● **Directions**:
Exactly the lines below, starting with the one containing "Vitis Lilac and" and going on through the one containing "Middlebury at Mills", must be reproduced, both ends included, and no pictures with them.

● **Records shown**:

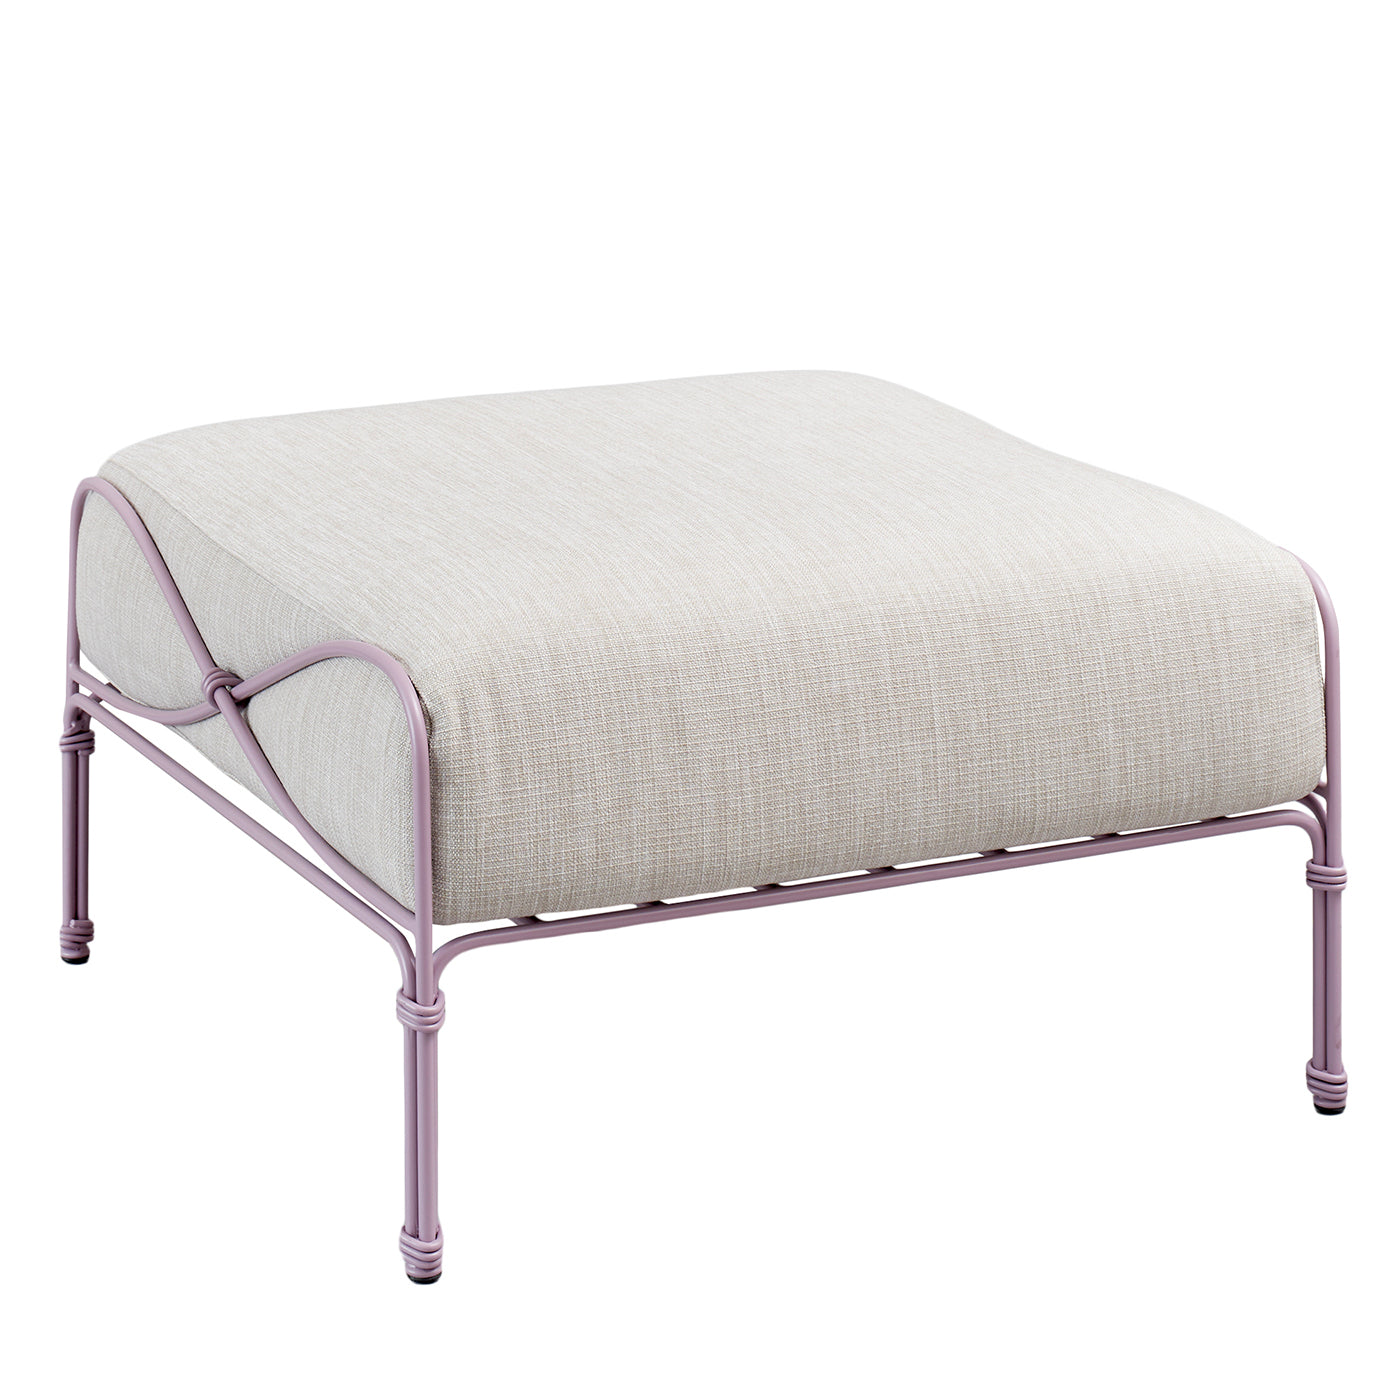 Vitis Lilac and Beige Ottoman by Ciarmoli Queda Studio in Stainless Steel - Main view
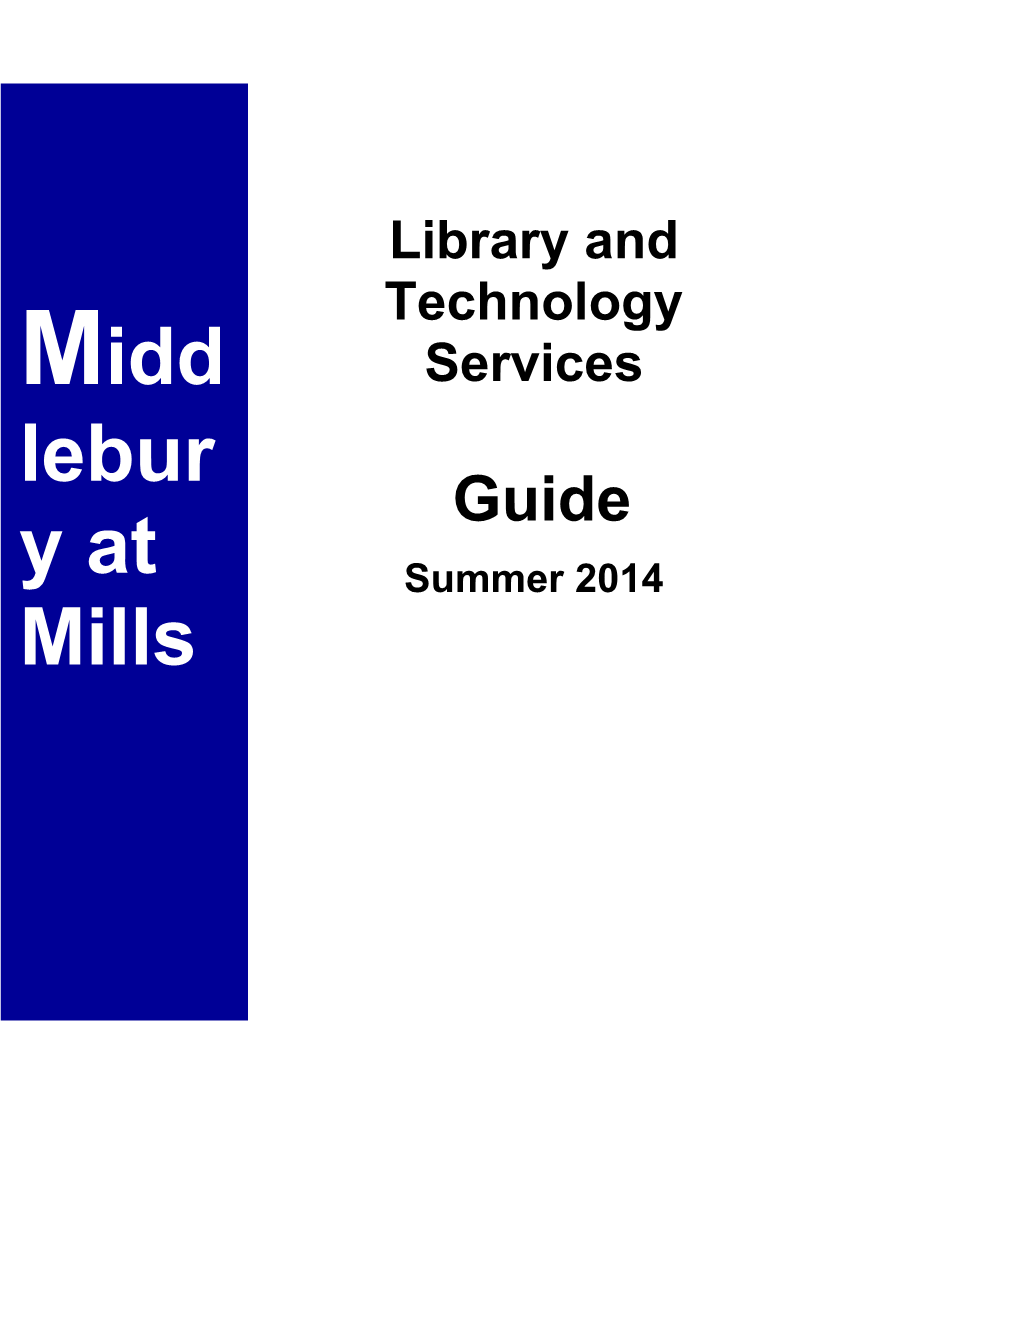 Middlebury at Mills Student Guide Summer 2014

---

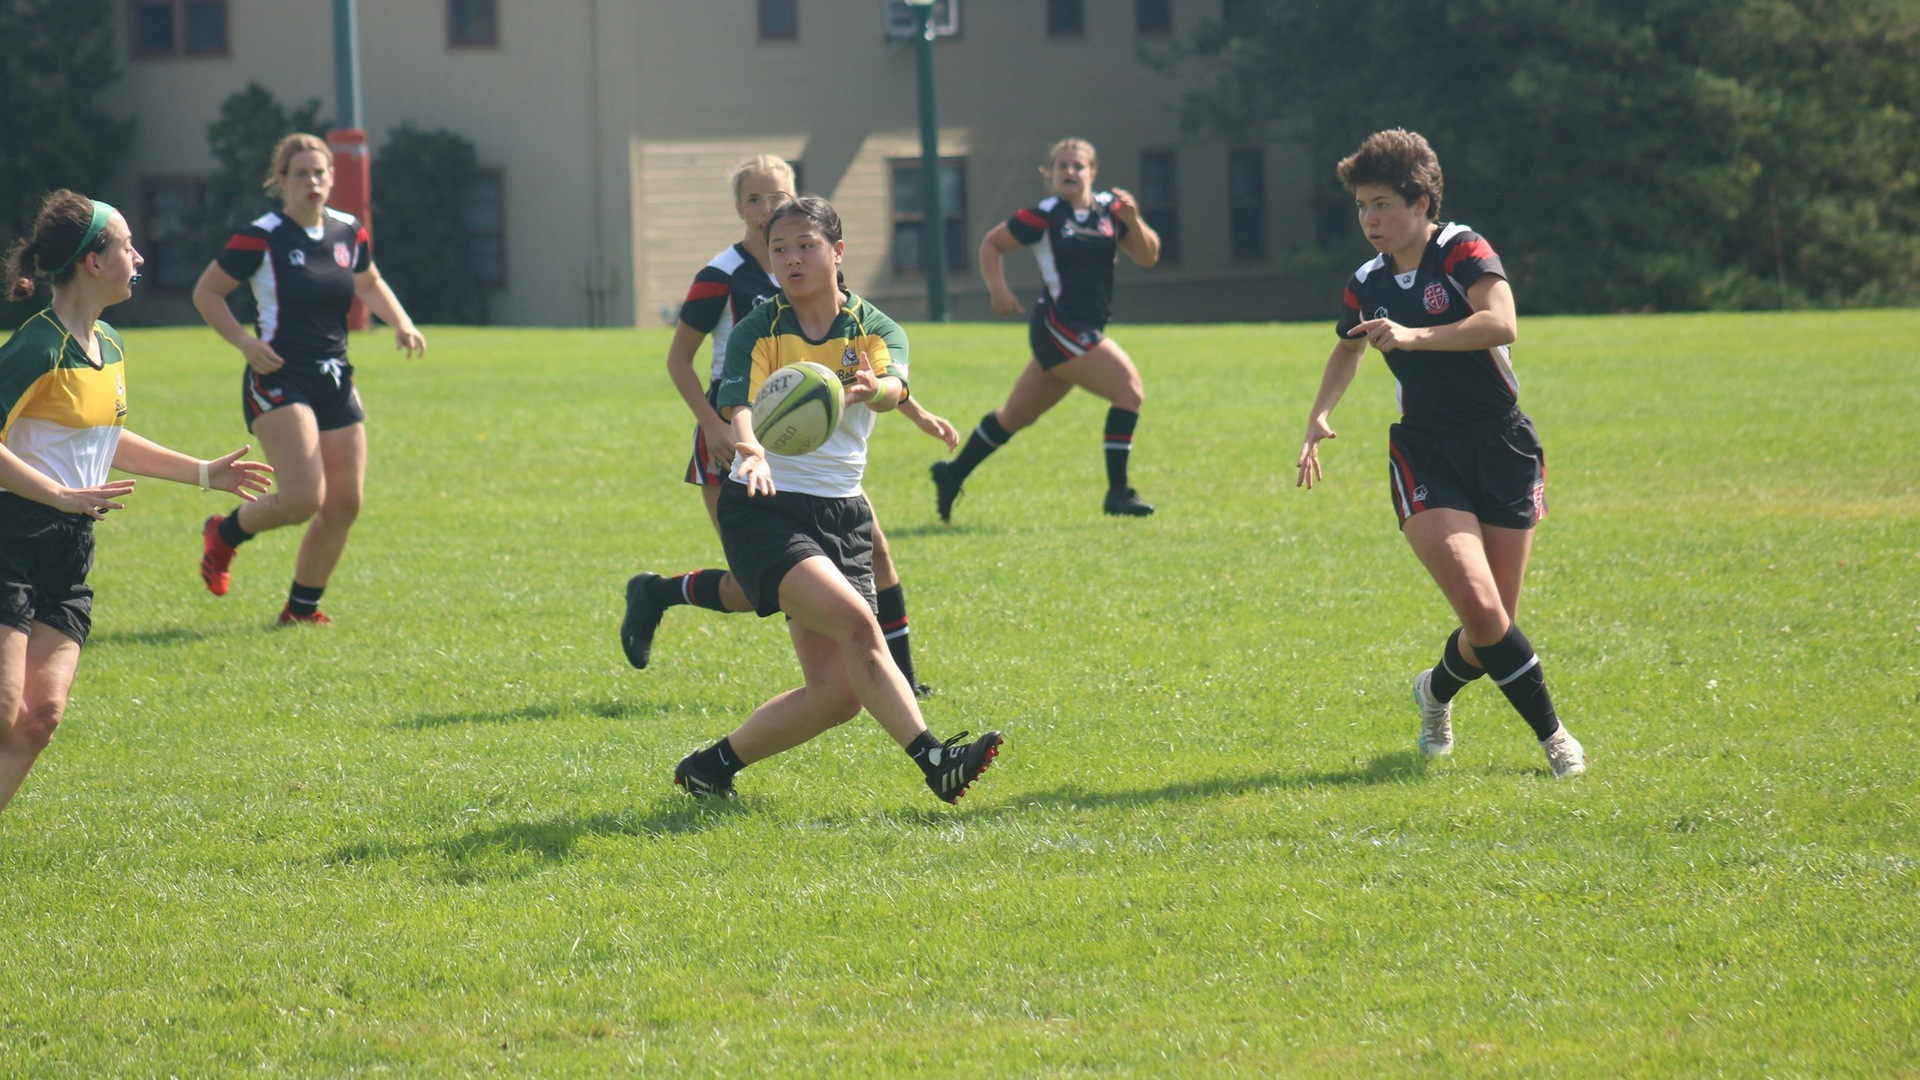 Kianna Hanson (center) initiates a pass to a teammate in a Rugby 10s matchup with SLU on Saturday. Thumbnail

* * *

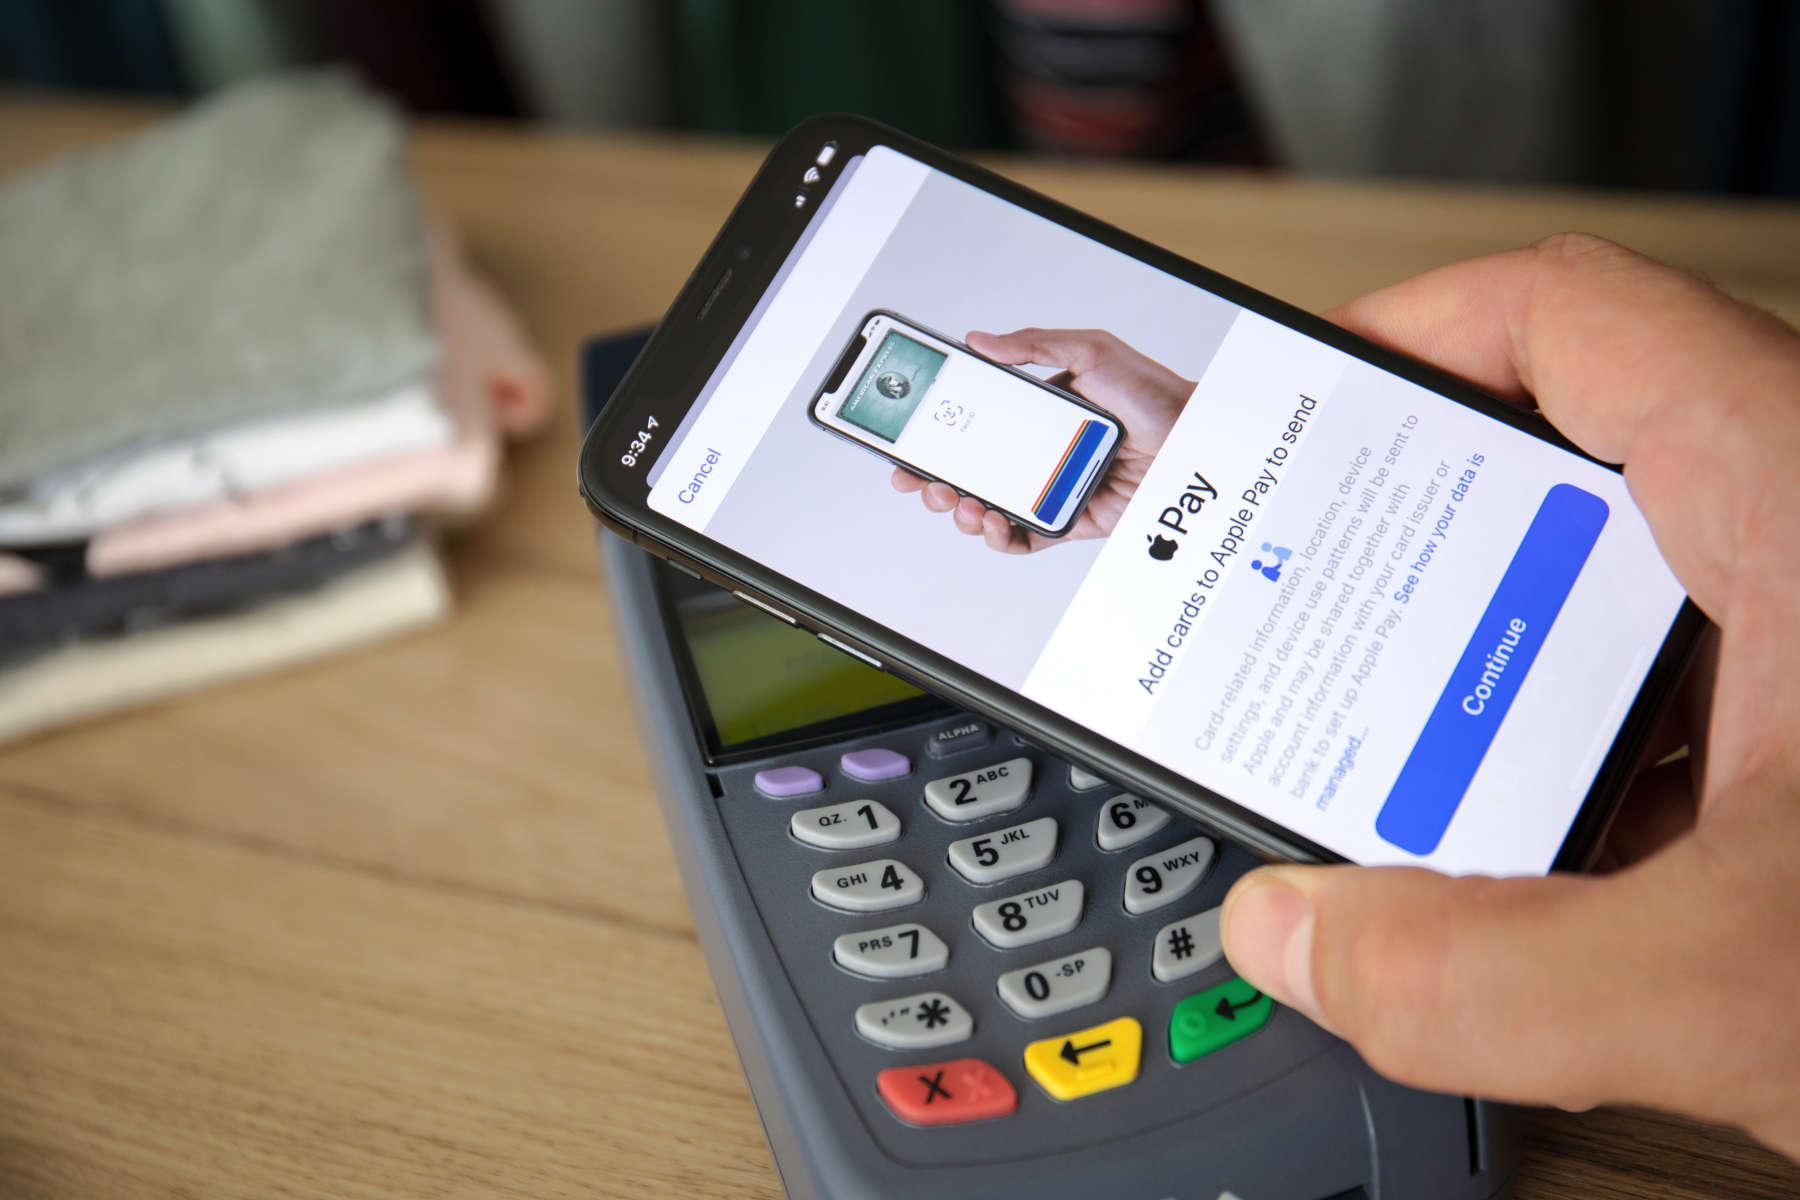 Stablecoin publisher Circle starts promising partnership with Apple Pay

● **Finished task**:
 Vitis Lilac and Beige Ottoman by Ciarmoli Queda Studio in Stainless Steel - Main view
 Middlebury at Mills Student Guide Summer 2014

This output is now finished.